Drought, Fire & Flood
In the Boulder Area:
Are We Prepared?

Photo of the aftermath from the Walker Ranch fire, September, 2000 by Jim Stout, city of Boulder

BASIN, in collaboration with Communications for a Sustainable Future at the University of Colorado, hosted an online forum Drought, Fire & Flood In the Boulder Area: Are we prepared?

This electronic seminar explored the background, the current situation and future concerns relating to climate change, wildfires and flash flooding in the Boulder area. This list serve discussion is archived .

Online Dialogue

October 23 - 31, 2000

You can review the discussion through the fire-flood archive

Following is a shedule of the topics that were covered during the seminar including background information and links.

October 23: Introduction
October 24: Drought
October 25: Fire
October 26: Flood
October 27- 30: Drought, Fire and Flood-- It's all connected!
October 31: Wrap-up

South Boulder Creek Floodplain aerial photo taken in 1937. For more aerial photos, select here.
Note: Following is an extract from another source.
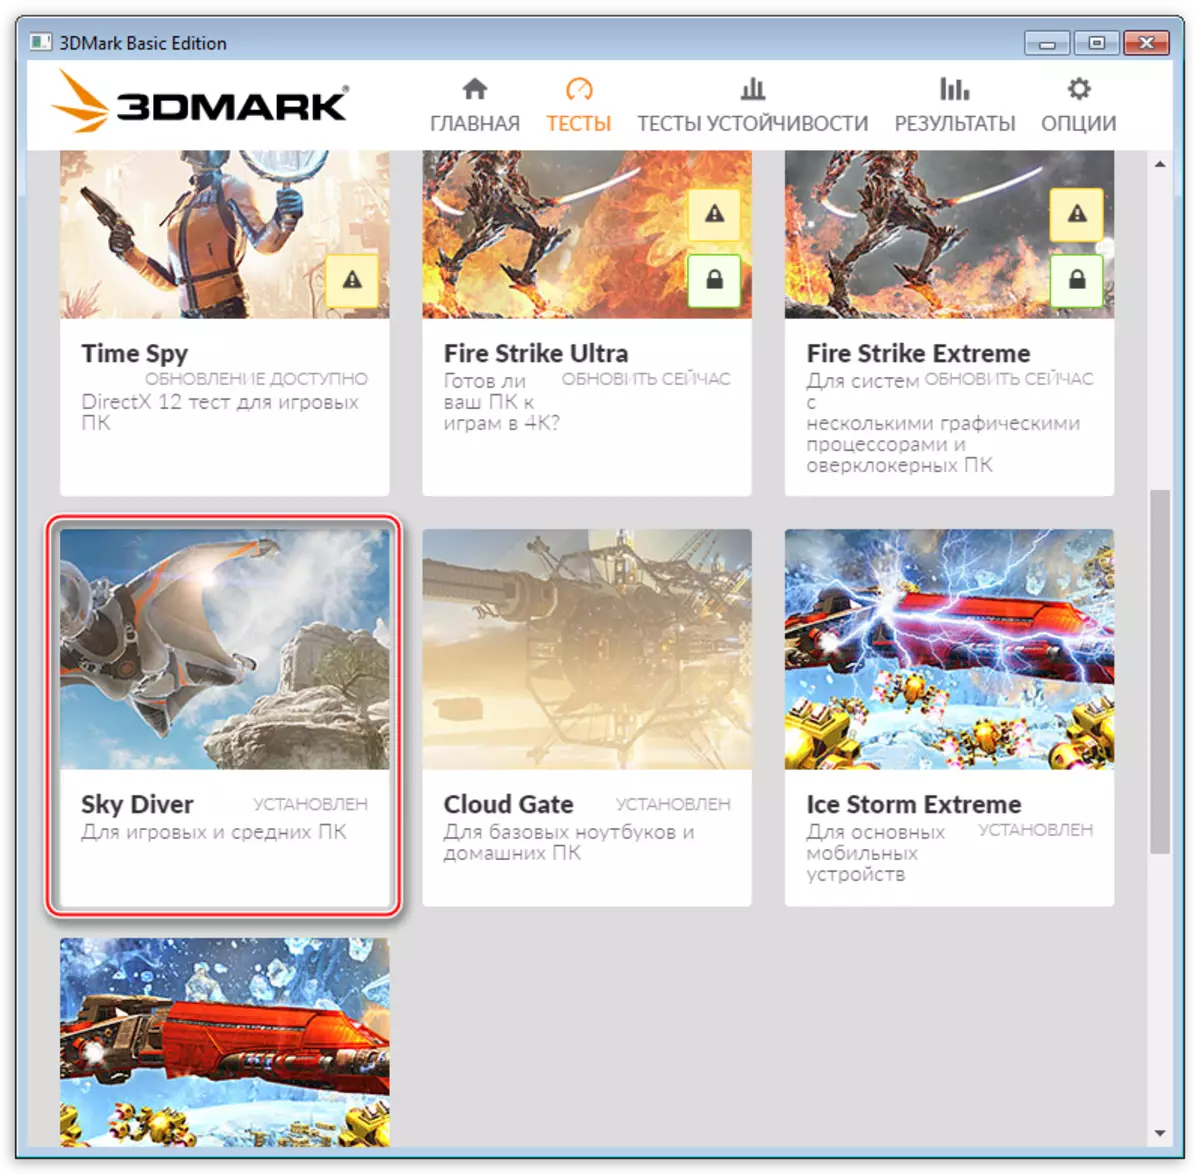 Επιλογή δοκιμής Sky Diver στο πρόγραμμα δοκιμής συστήματος 3DMark από προγραμματιστές FutureMark

South Boulder Creek at Eldorado Springs. Photo copyright and used by permission of Denver Public Library.

IN THE YEAR 2000...

After a number of wetter than normal years, the Boulder area experienced a taste of dry, even drought-like conditions during 2000; and 2002 is proving even more severe. In 2000 the lack of moisture never became severe enough for most municipalities to instigate conservation measures, but smaller water systems in the area did have problems and some individual wells ran dry as the water tables dropped. In 2002 many Boulder County communities have called for voluntary conservation, and several communities are instituting mandatory restrictions.

In the foothills, the fire danger is becoming extreme, with fuel levels in the forests building up to potentially catastrophic levels. In 2000 fires raged throughtout the West, (including several in the Front Range in June) local fire-fighters braced themselves for potential wildfires in the foothills. Then in September 2000 several significant wildfires occurred, first north of Boulder near Left Hand Canyon, then near Walker Ranch behind Green Mountain, the blazes burning thousands of acres but fortunately no homes.

Following the fires there was concern about potential flooding and erosion in the burn areas, a problem in part caused by the fact that following a wildfire the soil is coated with oils that make it hydrophobic-- the water runs off without being able to penetrate the soil. Erosion-- both in terms of sediment and organic materials-- impacted water quality downstream, and efforts were required to reseed the burn areas in hopes of reducing the impact.

These issues are all related, yet unless there is an urgent and compelling reason to, we often we don't think about their connections. To become prepared for the inveitability of drought, fire and flood in our community we can explore through dialogue how these topics are all related and what policies and preparation are required to meet the challenges.

INVITATION BASIN is a community project actively seeking public participation. We appreciate all feedback and welcome comments, suggestions and contributions. To find out more about how you can be involved, click here.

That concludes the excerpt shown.